- Born: 23 August 1924 Campsie, New South Wales, Australia
- Died: 14 December 2009 (aged 85) Sydney, Australia
- Occupation: Horse trainer

= Jack Denham =

Australian horse trainer

Jack Denham (24 August 1924 - 14 December 2009) was a leading Australian horse trainer and businessman.

A member of a Sydney training dynasty, Denham first rode as a jockey for his brother, and then took out his own training licence in 1948.

Denham's training career took off when he became a trainer for Stan Fox at Nebo Lodge, a position he held for 10 years, training over 1,000 winners. For six successive years, from 1971 to 1976, he was runner-up in the Sydney trainers’ premiership table. He was to win the premiership later in 1990-91 and 1992-93.
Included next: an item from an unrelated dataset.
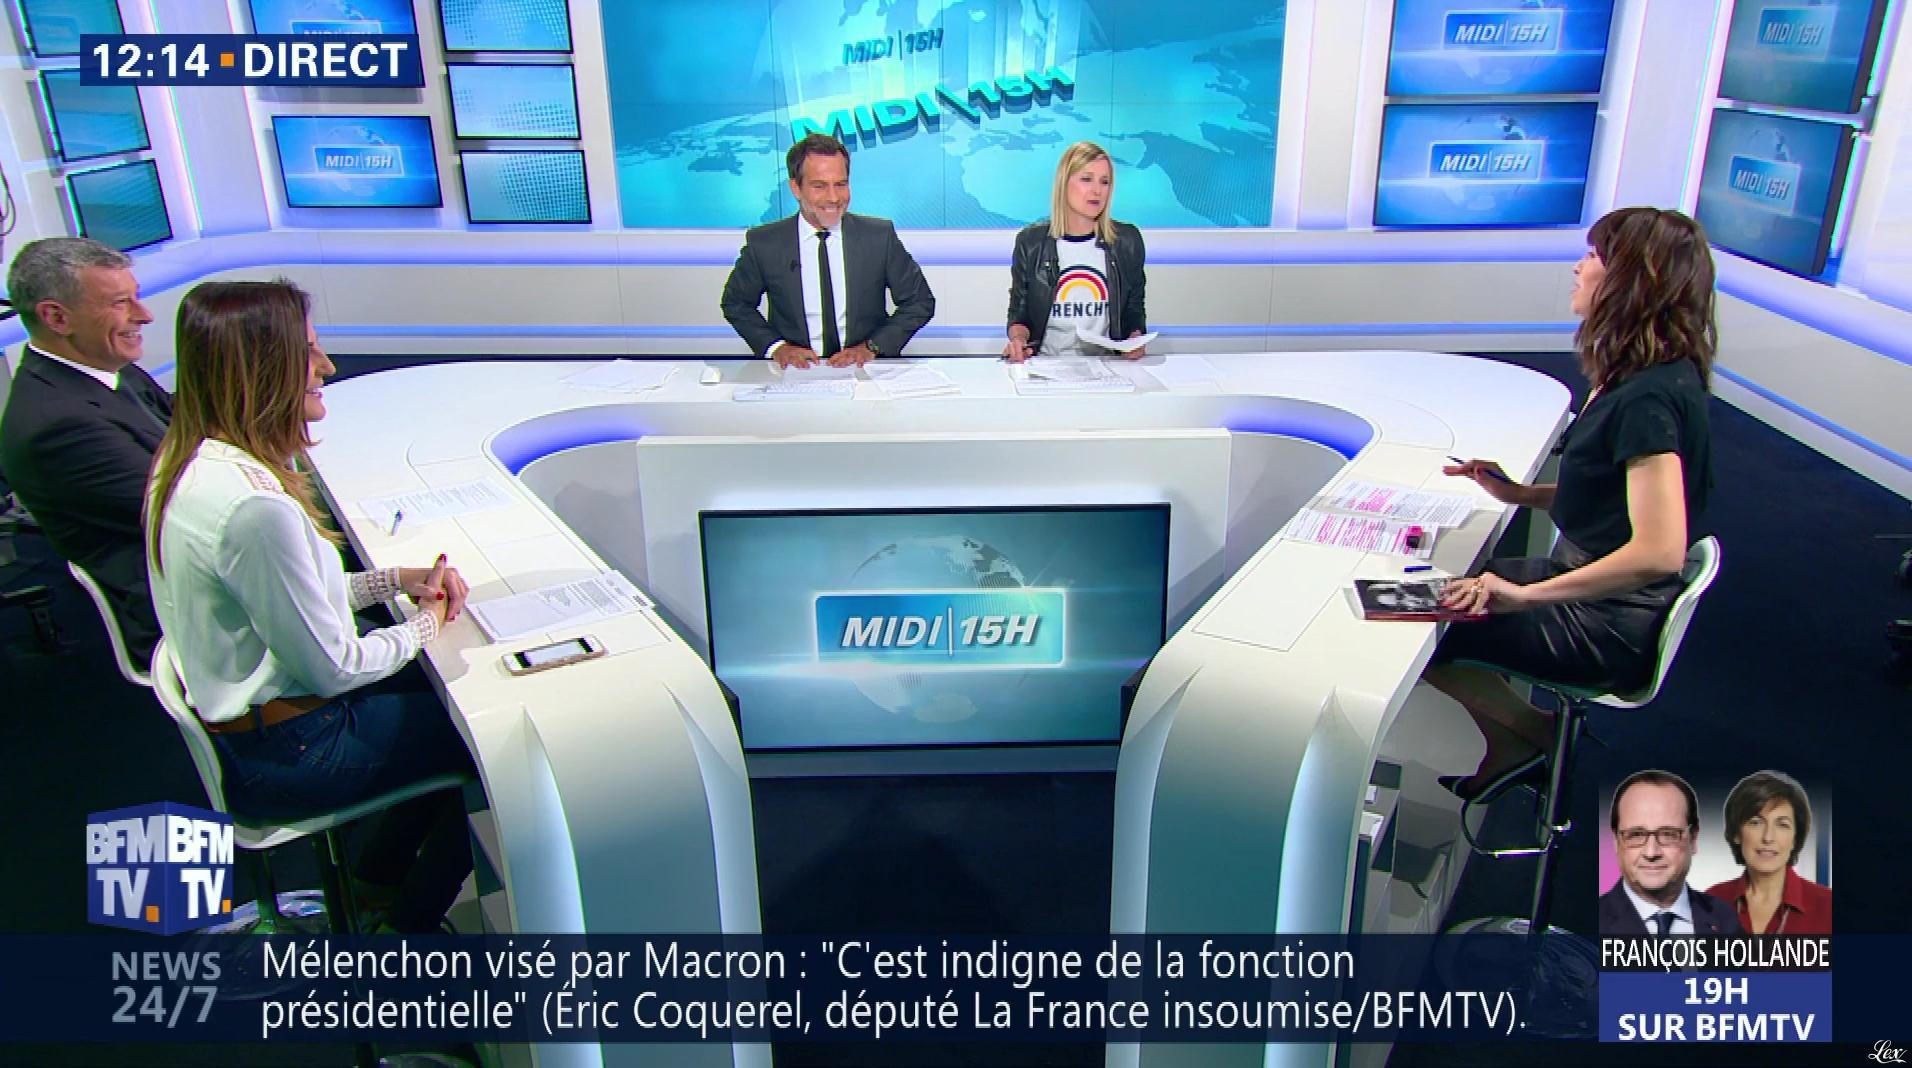 Candice Mahout dans le Midi-15h. Diffusé à la télévision le 03/05/18.

From 1980 onwards Denham was closely associated with owners Geoff and Beryl White, for whom he won a Golden Slipper with Marscay, an Epsom Handicap, Yalumba Stakes and other group races with Filante, and an Australian Guineas and AJC Oaks with Triscay. His greatest triumphs came in 1997 and 1998 when the Denham trained Might and Power took out the Melbourne Cup, Caulfield Cup and Cox Plate.

On 14 December 2009, Jack Denham died at the age of 85 after a long illness.